----- The data
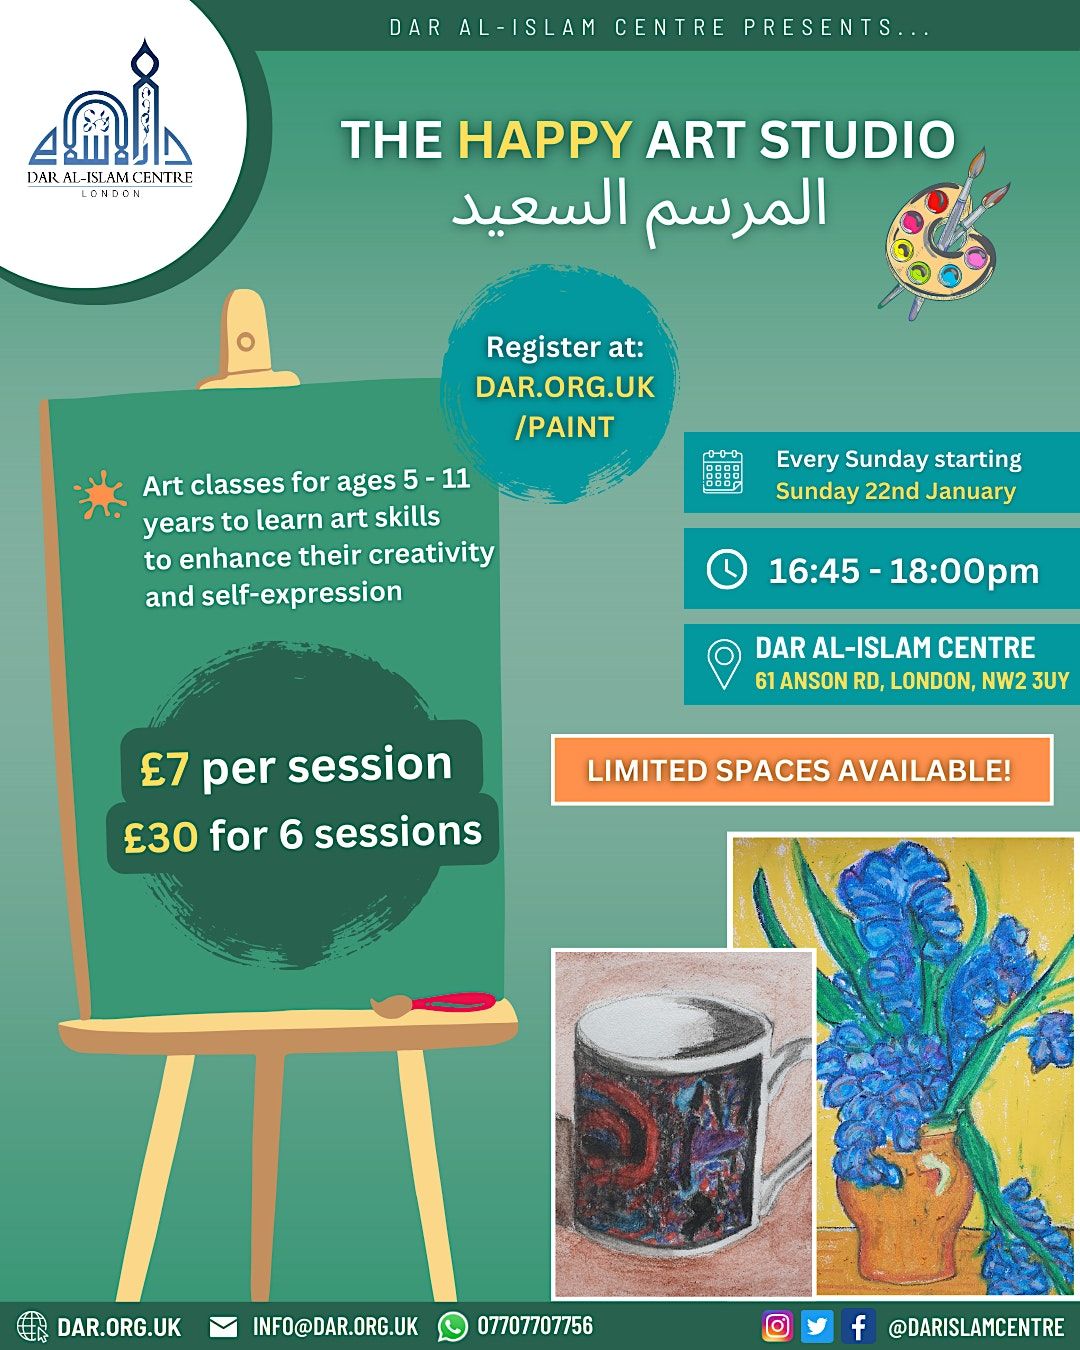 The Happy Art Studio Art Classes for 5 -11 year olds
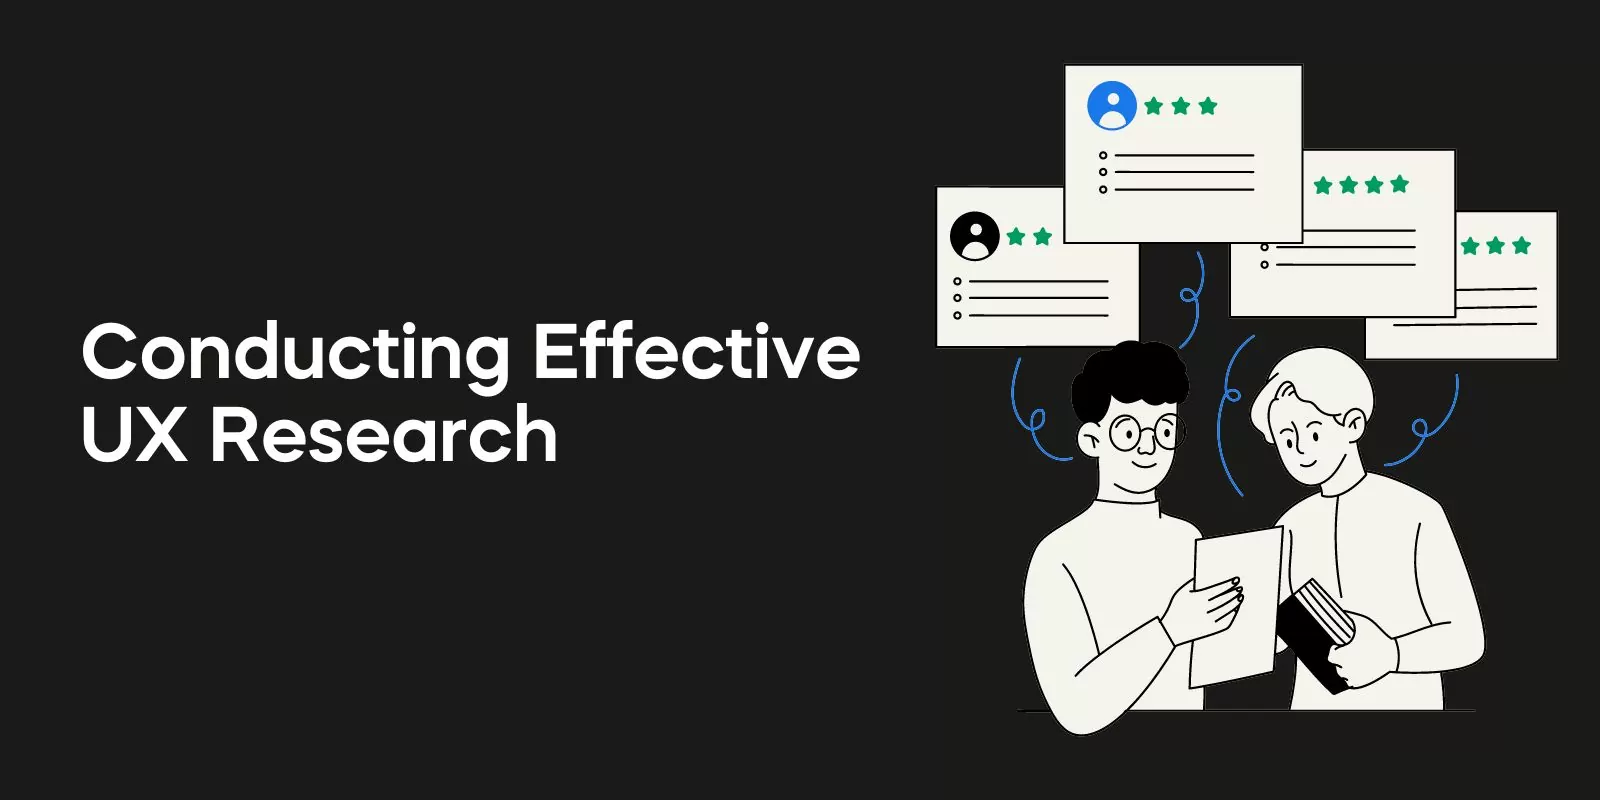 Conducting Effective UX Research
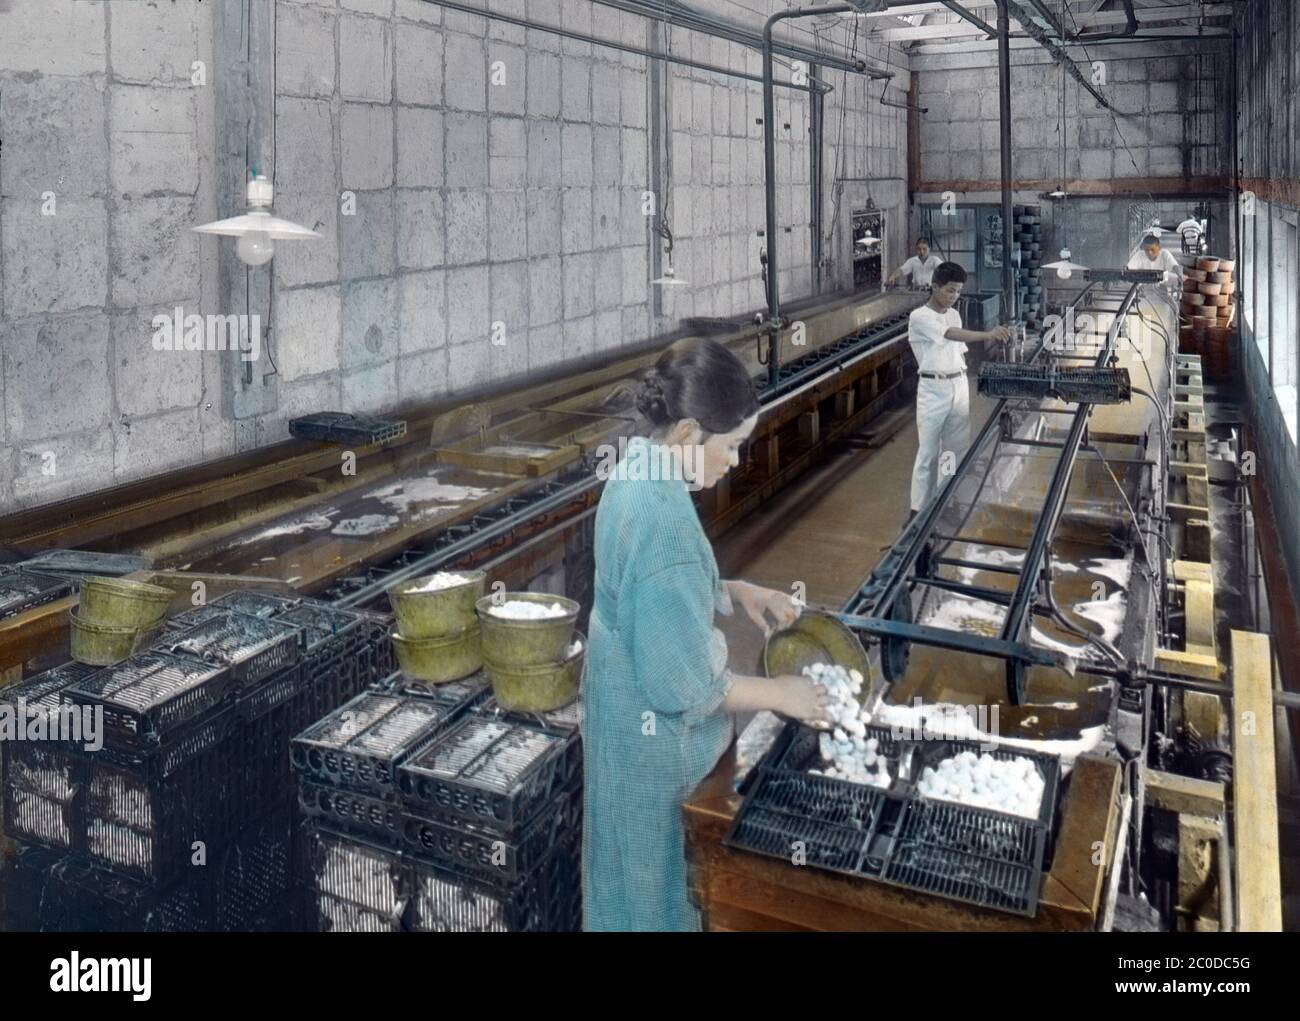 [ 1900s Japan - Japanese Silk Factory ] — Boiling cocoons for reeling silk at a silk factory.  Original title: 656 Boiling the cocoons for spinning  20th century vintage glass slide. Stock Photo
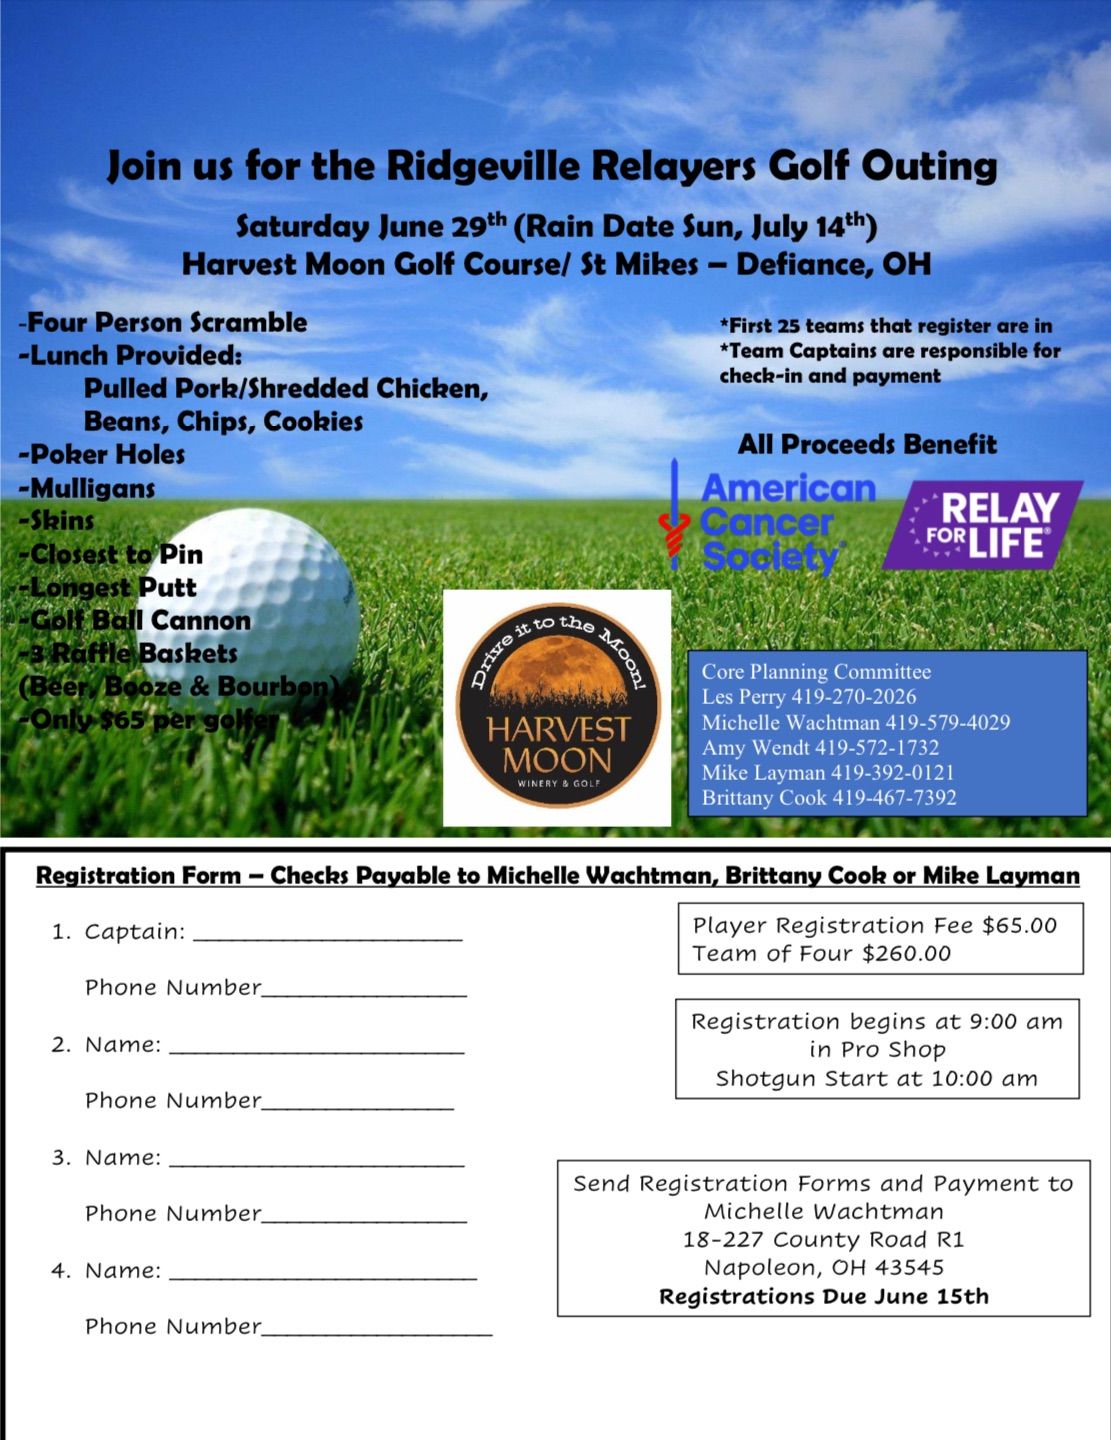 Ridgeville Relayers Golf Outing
----------
> Task statement
Where the line containing "Conducting Effective UX Research" appears in the data above, begin there and output every line through the last, exactly and without pictures.

> Answer box
 Conducting Effective UX Research
 [ 1900s Japan - Japanese Silk Factory ] — Boiling cocoons for reeling silk at a silk factory.  Original title: 656 Boiling the cocoons for spinning  20th century vintage glass slide. Stock Photo
 Ridgeville Relayers Golf Outing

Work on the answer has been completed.